What you should do:
Retype word for word the stretch of entries below from the line that has "Psycho - blue" through the line that has "Superman Vol 8 No 9 June 1938", and omit the pictures.
++++ Supplied material ++++
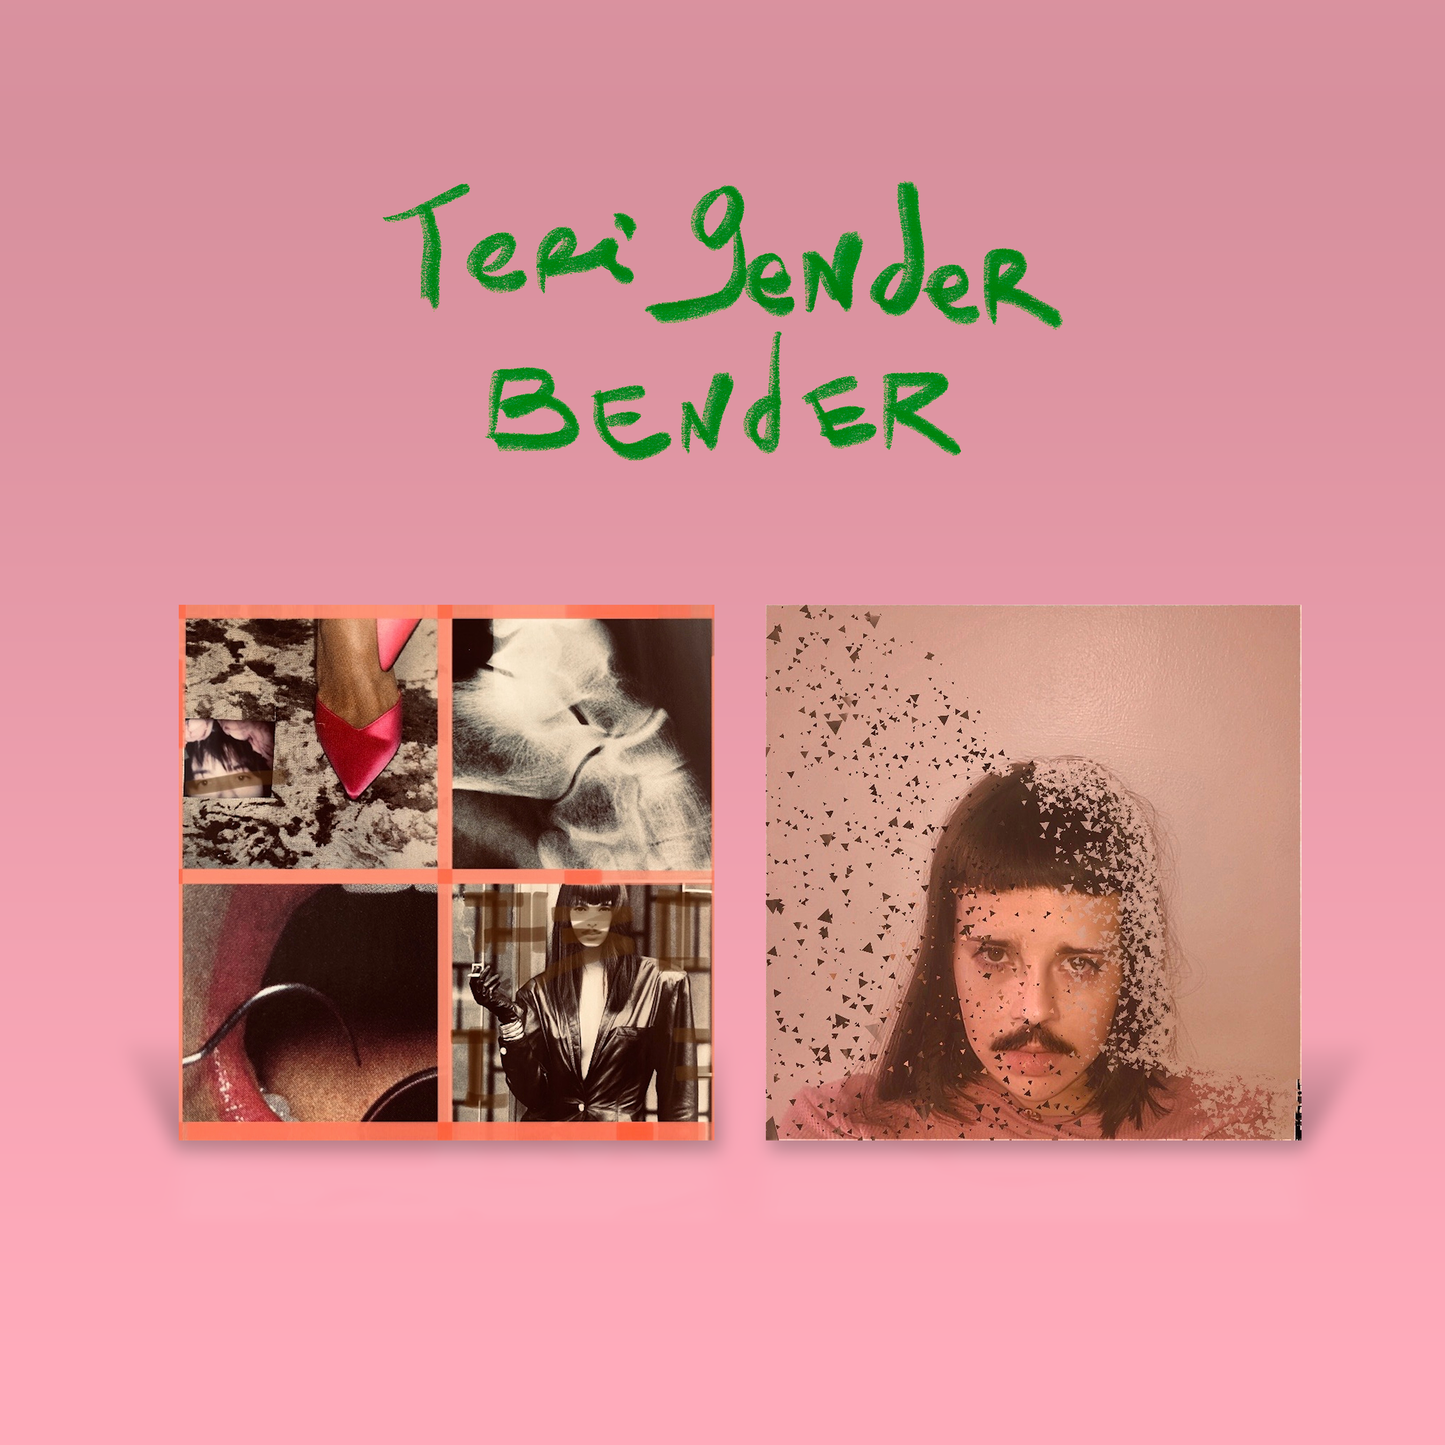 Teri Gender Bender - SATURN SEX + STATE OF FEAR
++++
++++ Supplied material ++++
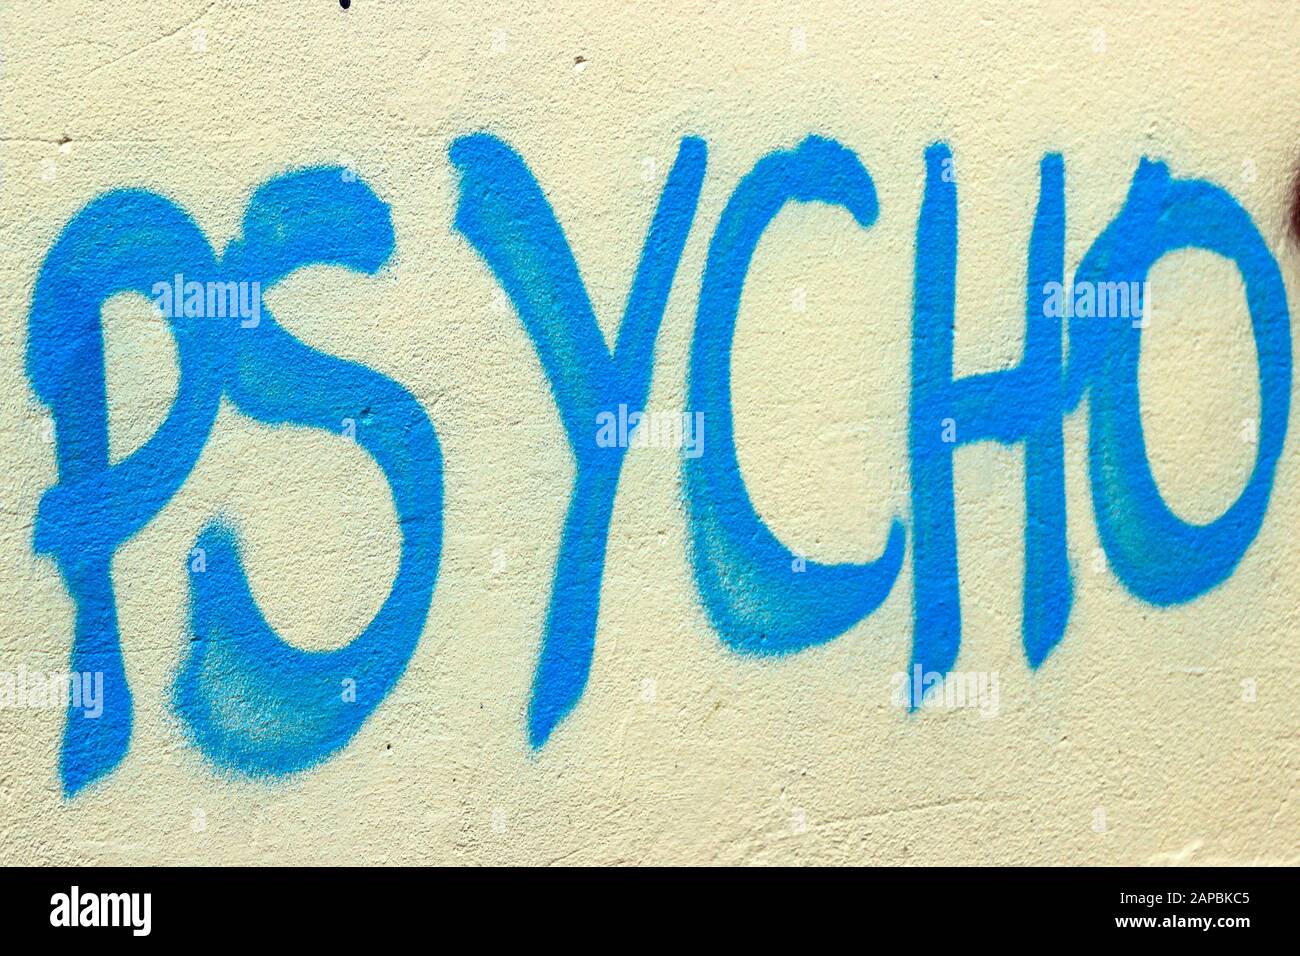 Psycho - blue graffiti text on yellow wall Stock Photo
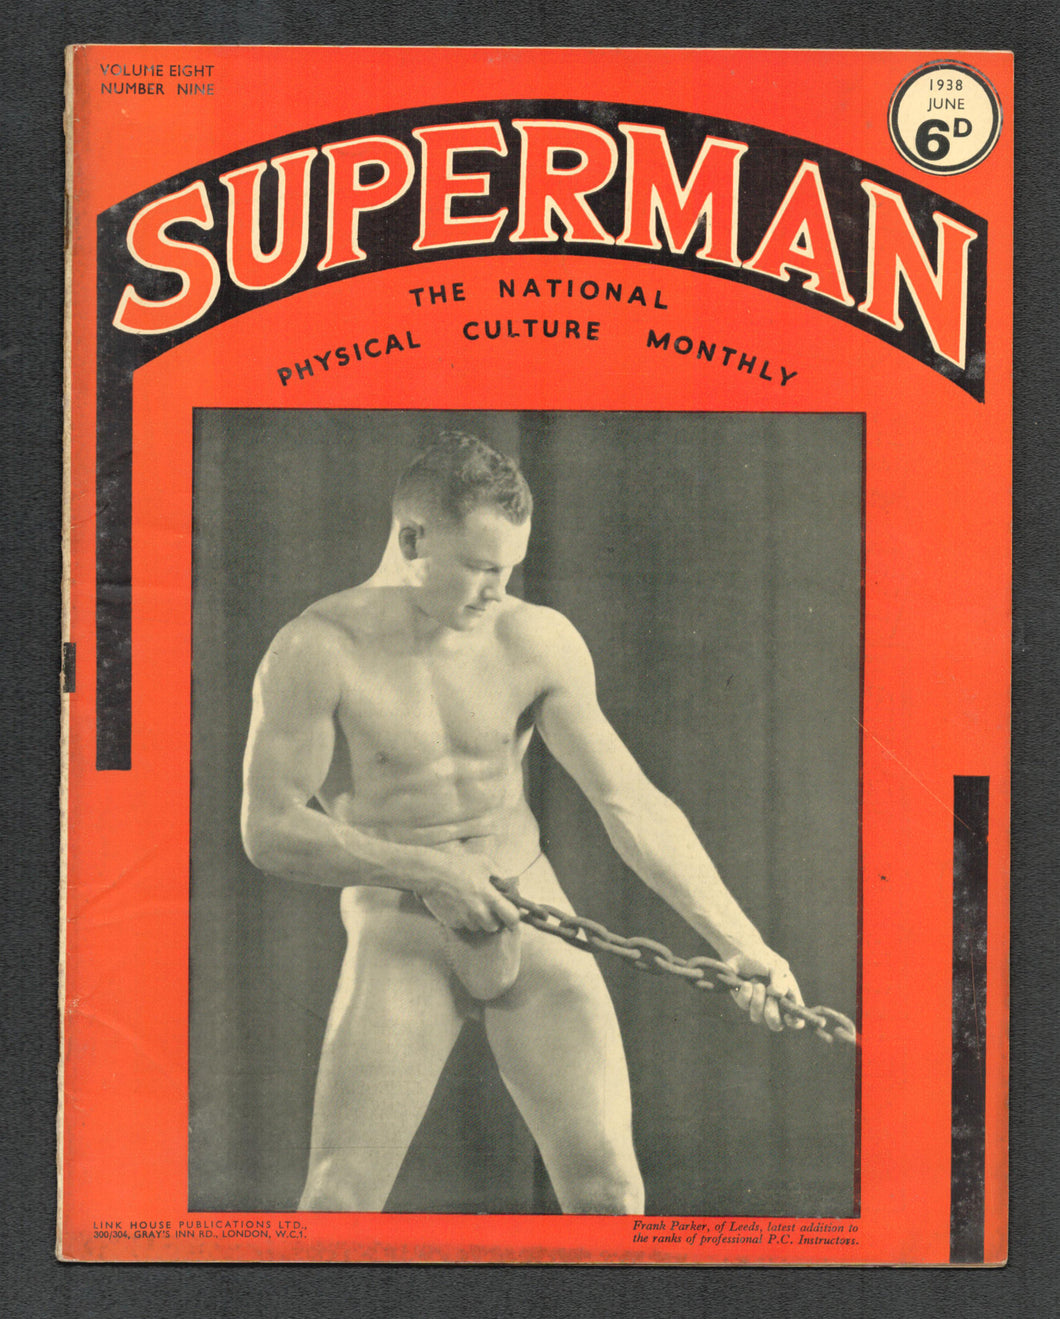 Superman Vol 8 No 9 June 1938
++++
++++ Supplied material ++++
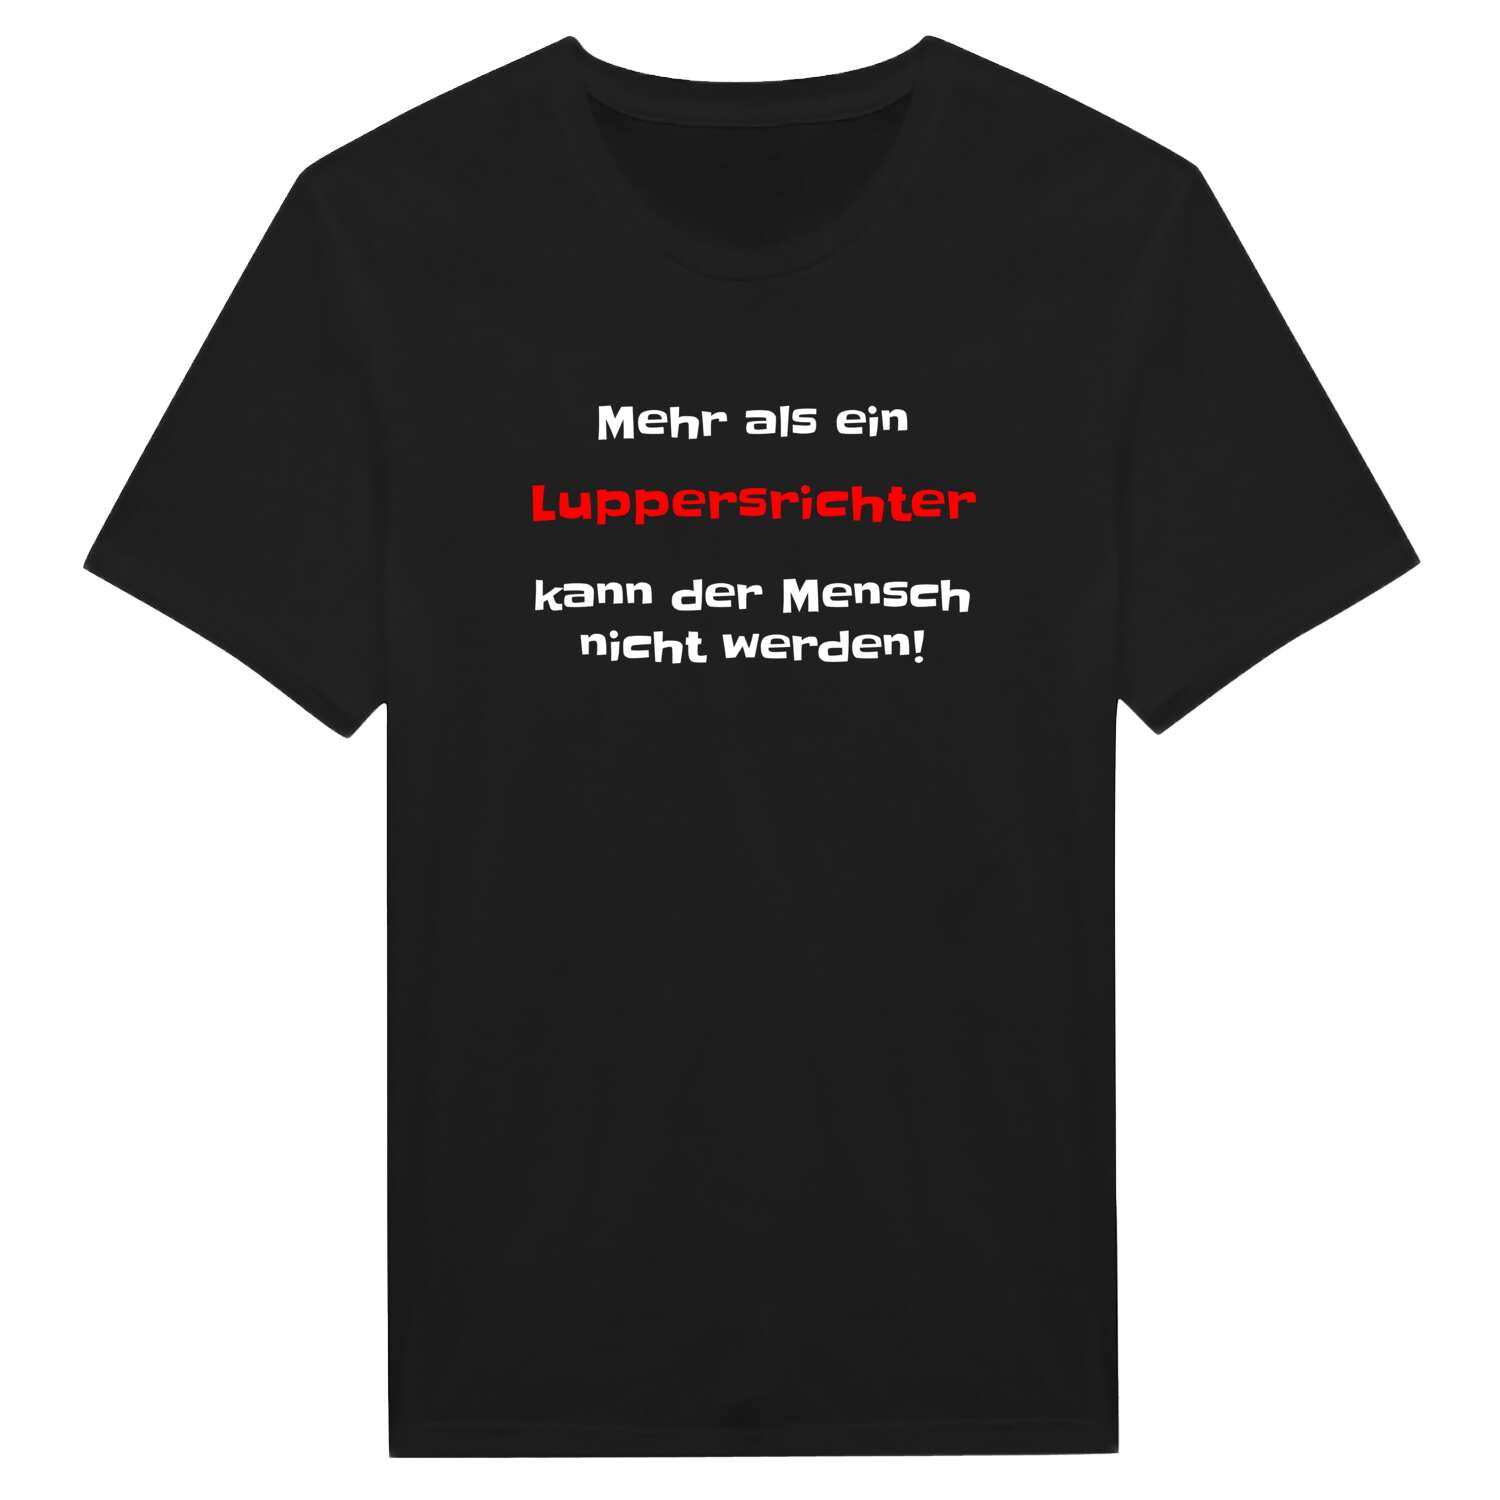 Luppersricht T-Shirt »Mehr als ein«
++++
Output of the task:
 Psycho - blue graffiti text on yellow wall Stock Photo
 Superman Vol 8 No 9 June 1938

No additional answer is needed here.